The smugness of this yearning for the past, born of seeming self-awareness, is more objectionable than the frank wistfulness of Camden Yards, where the Disney factor is so overt that visitors can’t help knowing they are attending a game in a theme park. Far from preserving everything of value in the heritage of a city, these sorts of places erase and replace.

There is a reason the area around Dodger Stadium was not originally developed: Within the (sub)-urban mythos of L.A., it is marginal land. However we may deplore such thinking now, it was slated for public housing because it was seen as less valuable.

It would be far more interesting--and L.A.--to explore the anomalous aspects of this so-called hole in the city rather than fill it in with some nostalgic Disney pastiche.

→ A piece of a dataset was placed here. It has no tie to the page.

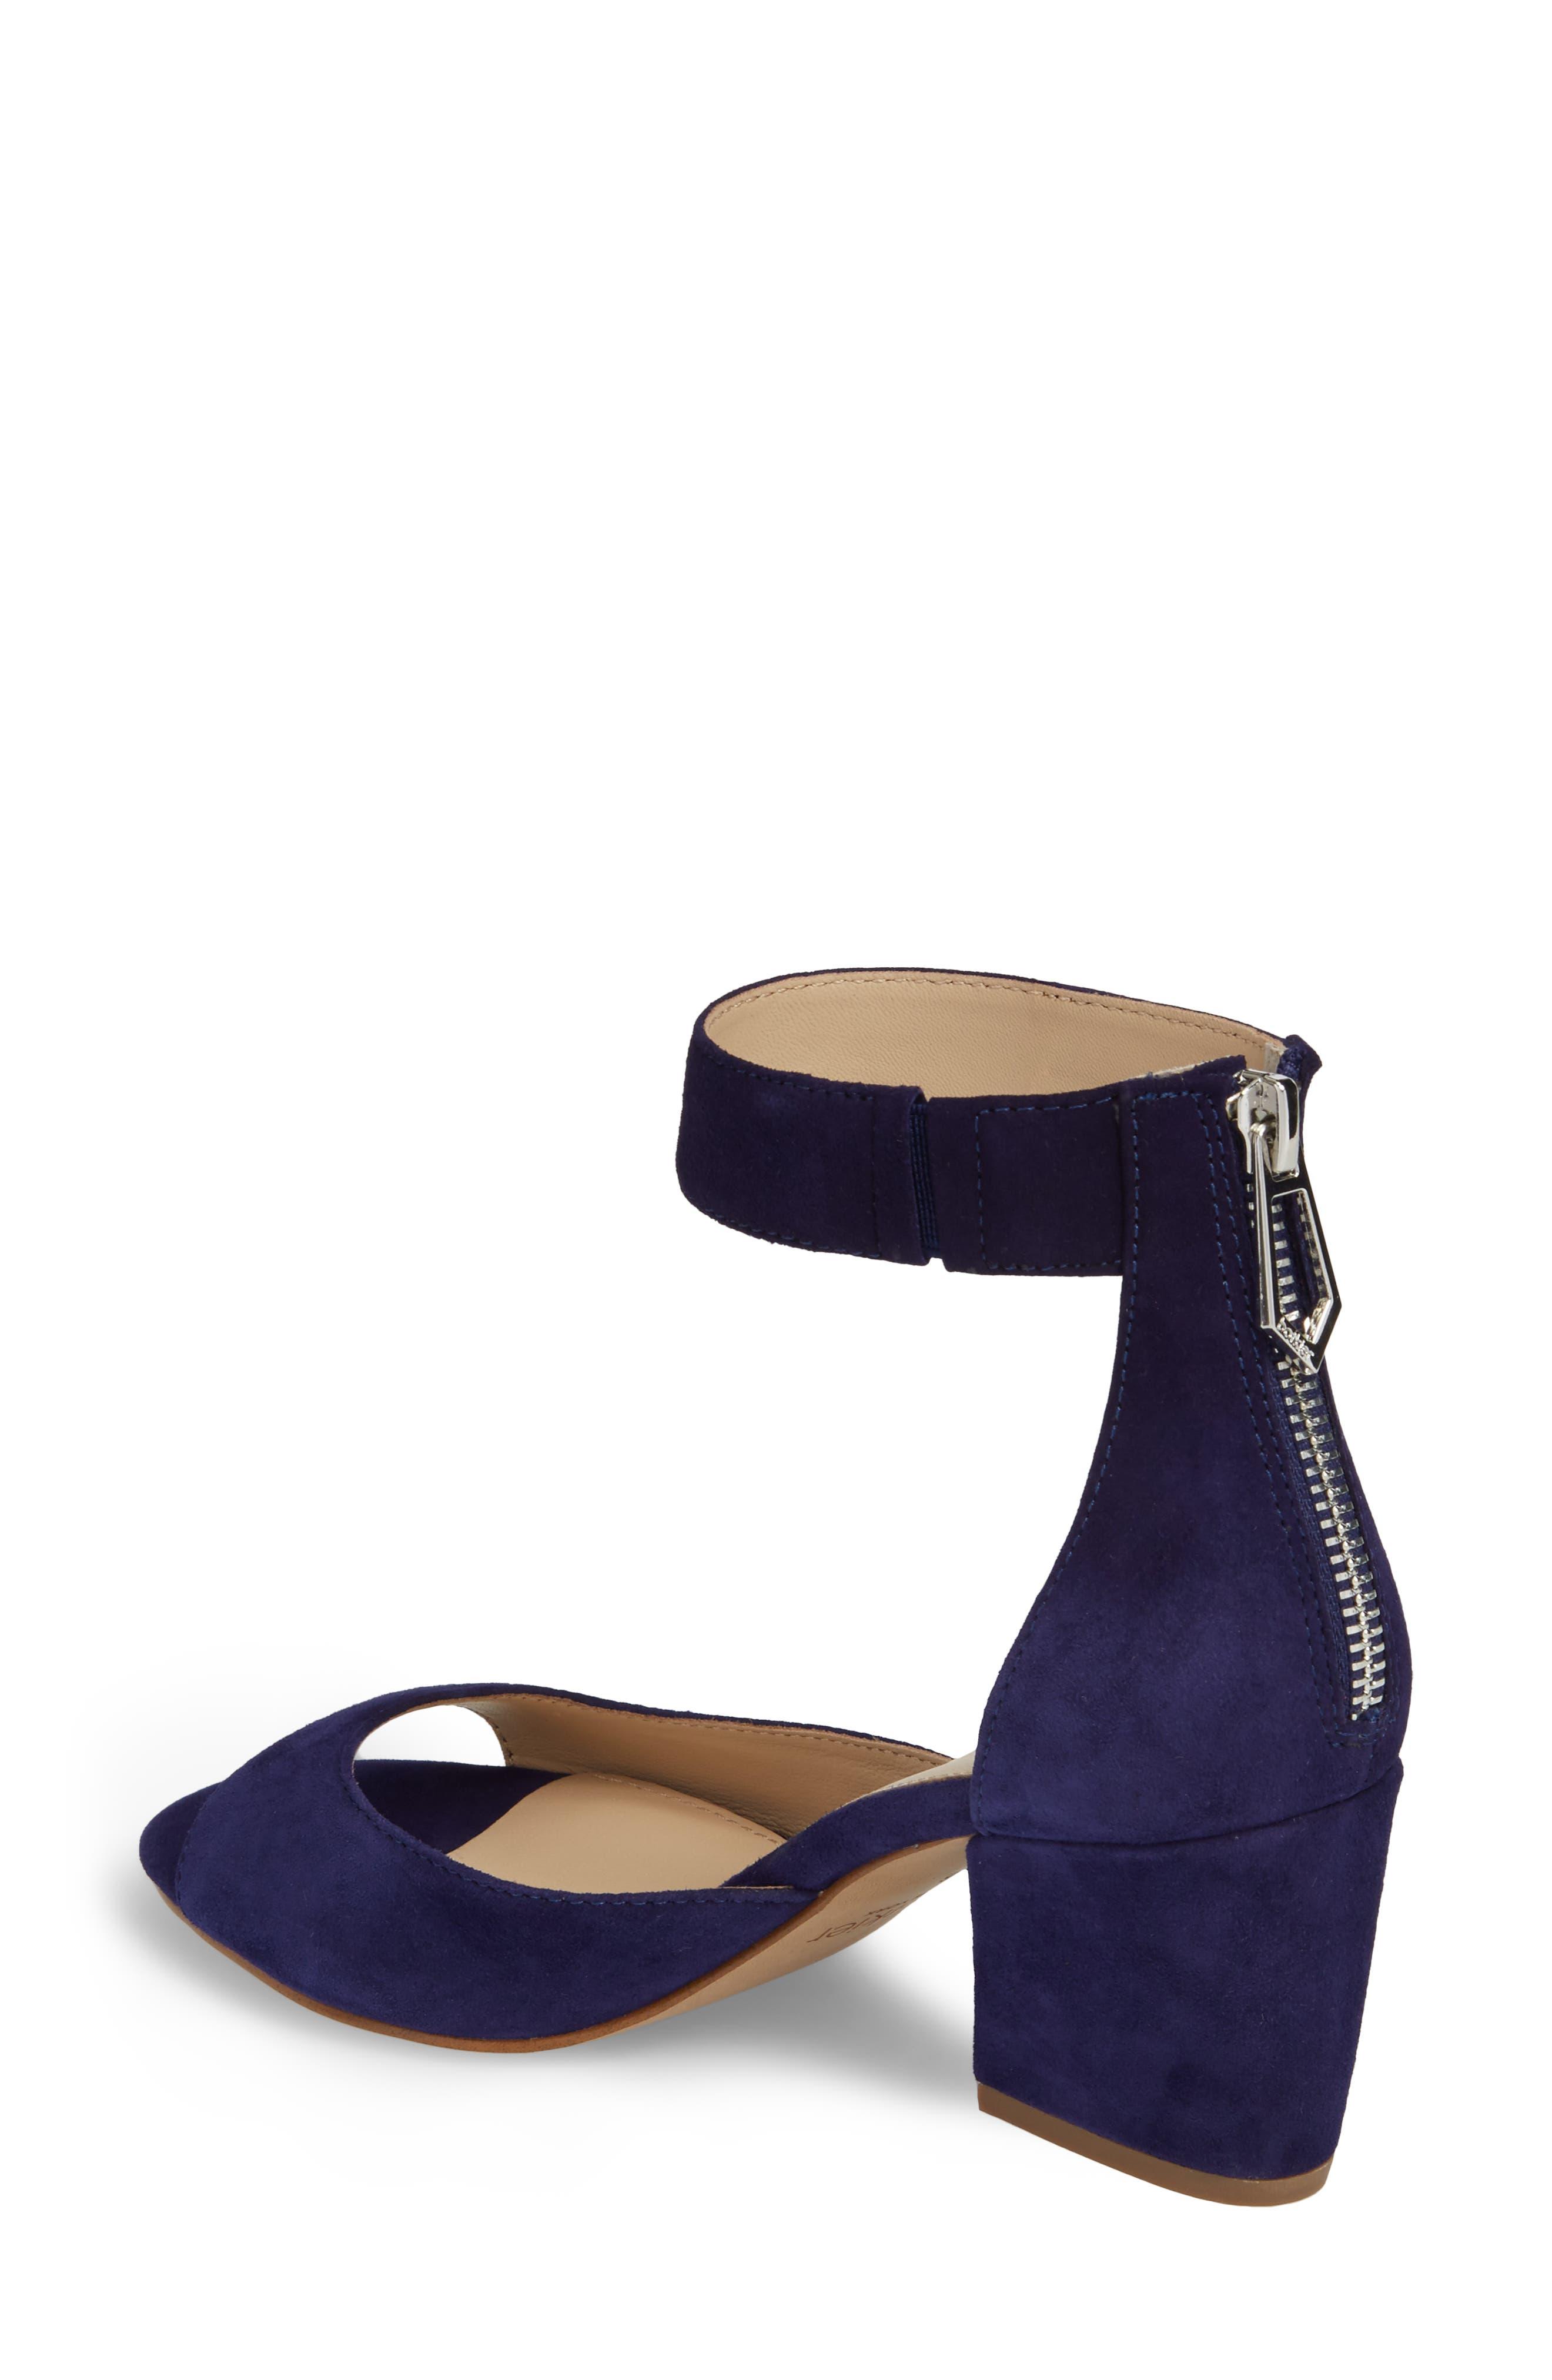 Pilar Ankle Strap Sandal,                             Alternate thumbnail 2, color,                             403

The city should officially adopt the approach now taken by archeologists to conserve their finite resources--bury the whole issue, walk away and leave it for future generations, who might have a better, more responsible way of handling it. This will seem like naive waste to the developers, and a breach of entitlement to the rights groups, but I don’t think either has the vision to avoid squandering this chance.

L.A.’s vision of itself has never been the same as the rest of the country’s until the rest of the country comes along. That exceptional kookiness is part of L.A.’s charm. Dodger Stadium’s presence in L.A. is similarly, and appropriately, anomalous. A call to reform the stadium’s context must be taken as a sign of L.A.’s waning confidence as the capital of contemporary culture.